DNA practices what might be called cubist theater, taking sealed-up narratives and slicing and dicing them into indigestible flows of experiential data that undermine unified and absolute interpretation. DNA productions are typically chaotic and challenging, subordinating narrative focus and individual feats of acting to multilayered sequences of meticulously orchestrated tableaux.

Hamlet (with a backwards “e”) was similarly structured. Hillar Liitoja, who writes and directs all of DNA’s work, conjured up innumerable distancing fragmentation devices during the non-stop 7-½ hour production, in which audience members were allowed to wander wherever they chose throughout the multitiered wraparound set.

Hamlet began outside the theater building. Audience members were led to a backstage door, then questioned by two guards before being allowed to enter. Inside, 23 performers had already begun enacting highly stylized, seemingly unconnected fragments of text.

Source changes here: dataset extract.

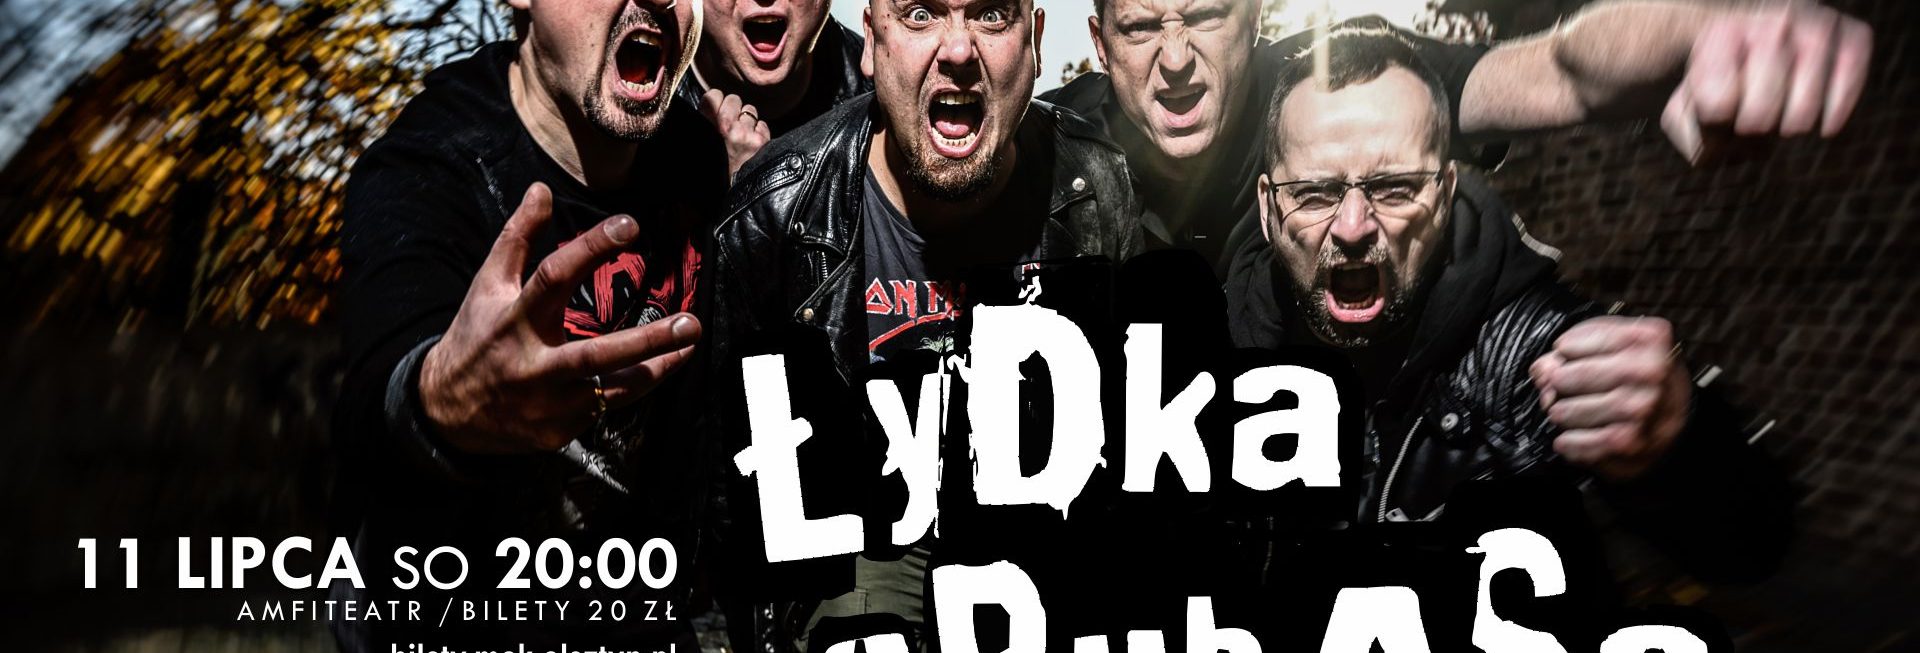 Plakat zespołu Łydka Grubasa zapraszający na koncert do Olsztyna w dniu 11 lipca. Na zdjęciu członkowie zespołu.

The fragments were repeated continuously for about an hour, then suddenly converged into the second scene of the text.

From the point on, Hamlet unfolded more or less according to the original order of Shakespearian scenes, through most were greatly lengthened. Spliced among the Shakespearian scenes were numerous added ones, ranging from the absurd - a deadpan musical romp called The Teacup Dance performed by the itinerant players - to the expressionistic - various performers assembled into a sort of Greek tragedy chorus machine that echoed Shakespearian characters. Some added scenes played off the text, others served to disrupt it, still others bore no apparent connection.

With as many as seven scenes going on simultaneously, and with the Shakespearian ones greatly underplayed as if to resist attention, audience members had to frame their own courses of events as they chose which scenes to follow. Also, the performance was self-reflective insofar as some performers interacted with audience members and the stage crew.

Such theatrical strategies seemed to indicate a Brechtian rebellion against canonical narrative in which meaning is foreclosed and passively consumed, but a reversal occurred. The Shakespearian text (perhaps because it’s so deeply embedded in the Western literary unconscious) retained its weight and was strangely reified. As audience members crept up close to watch Hamlet quietly berate Ophelia in a remote corner of the set, for example, or Claudius whisper plots to Polonius over dinner, the text as a whole was elliptically brought to life. Upturned through it was, the production ultimately succumbed to Shakespeare and ratified orthodox theater.

If the reversal was deliberate, then Liitoja was toying with the audience by showing how far he could bend in the fourth theatrical wall without breaking it. That the reversal was probably accidental and beyond the director’s control is indicated by what seemed to be a final act of frustration against an inability to break free of the text: after Hamlet’s death in the final scene, Liitoja killed off Horatio, Osric and almost everyone else that Shakespeare left alive.

Ultimately, it is impossible to say what Liitoja meant to do with the production because it was vague in some places and excessively cryptic in others. Through Hamlet showed some of DNA’s anarchic exuberance, in the end, the collision that was anticipated turned out to be an awkward embrace.